Huntsman defiant in the face of long odds

GREENLAND, N.H. (AP) - Jon Huntsman is defiant, even as his presidential campaign limps along.

"I don't care whether you're Republican, whether you're independent, whether you're Democrat, I want to get your vote. But I'm going to tell you right at the outset, I'm not going to pander," the GOP candidate told about 100 New Hampshire Rotary Club members one recent day. "I'm not going to sign meaningless pledges, and I'm not going to journey to New York to meet with Don Trump.

"There are just some things that I will not do."

It's a message that Huntsman hopes will resonate with New Hampshire's state's moderate Republicans and independent voters who will play a prominent role in its rapidly approaching presidential primary. And it provides a window into his last, best chance at keeping his presidential hopes alive - a come-from behind New Hampshire victory that would deal a blow to Mitt Romney and catapult Huntsman into the driver's seat of the GOP nomination fight.

Two weeks have passed since the former Utah governor moved his national headquarters from Florida to the aging former industrial center that is Manchester, N.H.

It was a move of necessity.

He is shedding campaign staff. His campaign debt totals about $890,000, even after he gave the campaign more than $2 million of his own money, according to new finance reports. And Huntsman, the Obama administration's former ambassador to China, is barely registering in national polls.

But he's inching up in surveys here, where it matters most, as he looks to challenge Romney on what's essentially the former Massachusetts governor's home turf.

Huntsman declared himself a "top-tier" candidate in New Hampshire late last week. And while that may be too rosy of a characterization, it's true that many voters here remain undecided - and that gives Huntsman hope in a state that four years ago brought a broke-and-battered John McCain back from the political graveyard.

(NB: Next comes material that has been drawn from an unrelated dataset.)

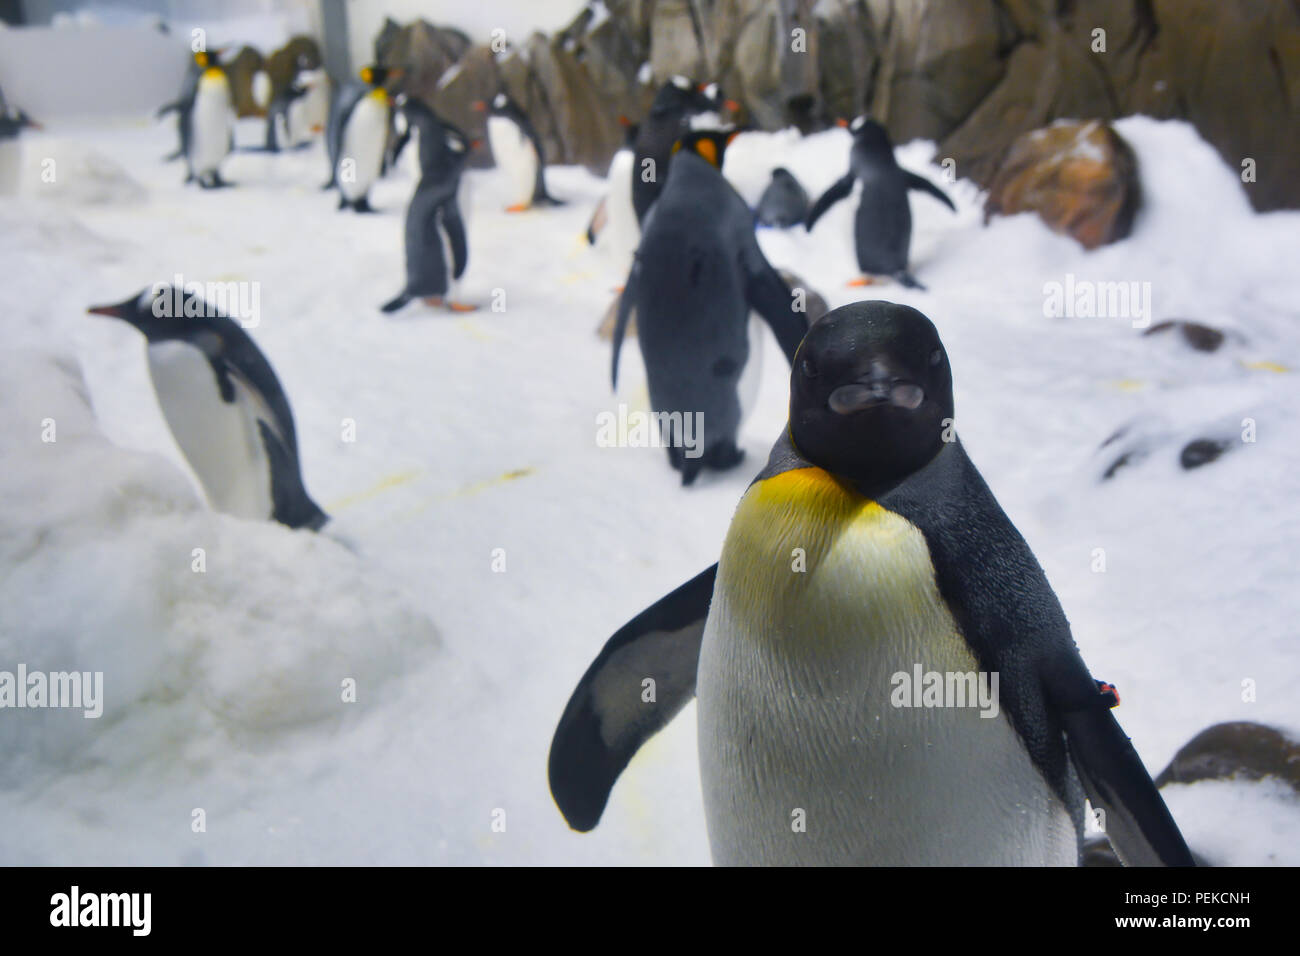 Penguins walk on ice Stock Photo

"We're all hearing from the national media that Romney's dominating, but as a resident of New Hampshire, I'm really undecided," Nancy Novelline Clayburgh, the assistant mayor of Portsmouth, said after the Rotary Club luncheon. "I'm open to Huntsman, Cain. I like Romney a lot."

Strapped for cash and unable to pay for TV ads, Huntsman faces the challenge of swaying undecided voters like her on the cheap - one voter at a time and through the media.

That means a punishing campaign schedule.

Last week alone, he hosted seven town hall-style meetings in the state - more than most of his rivals have hosted all year here - and delivered four speeches. He also debated alongside his rivals at Dartmouth College. And he plans to boycott Tuesday's debate in Nevada in favor of hosting another New Hampshire gathering.

In some cases, he's drawing large crowds. But his campaign acknowledges that many voters here still don't know who he is. And it's tough to win an election as an unknown.

"There's obviously movement in the right direction," spokesman Michael Levoff says of local polls that show Huntsman hovering under 10 percent. "But we're talking about a man who has name ID in the 20s."

So what's the clear strategy to boost his profile?

His campaign can't say.

Some allies have pushed the former ambassador to put more of his own money into the campaign, which would give him more time to meet with voters, one-on-one.

They also have pushed him to start running television commercials to introduce himself. The logic is that he needs voters to know who he is before they can decide if they like him.

But that takes money - and he's doesn't have it.

Aides concede there simply isn't the cash necessary to run television advertising any time soon. Privately, they're hoping that a pro-Huntsman super PAC - which can raise and spend unlimited amounts of money on behalf of a candidate as long as there is no coordination - will come to their rescue.

Huntsman said last week that he likely was done spending his own money.

"You never want to say never, but I've basically put in what I'm going to put in," he told The Associated Press at the Rotary Club event late last week. "Campaigns are always concerned about money. We're on the ground. We've got the people we need to get the work done. Now it's about getting votes," he told the AP.

But early missteps exacerbated by high expectations have made that tough.

In the campaign's infancy this summer, aides spent lavishly and planned for multiple offices around New Hampshire. They bought mounds of promotional material - signs in various designs and sizes, stickers, and souvenirs such as key chains. Last month, Huntsman fired his top New Hampshire aide and brought in a former aide to McCain, the senator from Arizona and the GOP's 2008 presidential candidate.

Saturday's campaign finance report showed Huntsman's operation in debt and struggling to find donors. His campaign said Friday it had just $327,000 in the bank.

And while Huntsman's advisers cast the campaign's relocation to New Hampshire as a sign of confidence that his concentrated approach would appeal to the voters here, it hardly masked the very real troubles besetting his campaign.

Dozens of Florida-based aides didn't make the move; the campaign could not afford them.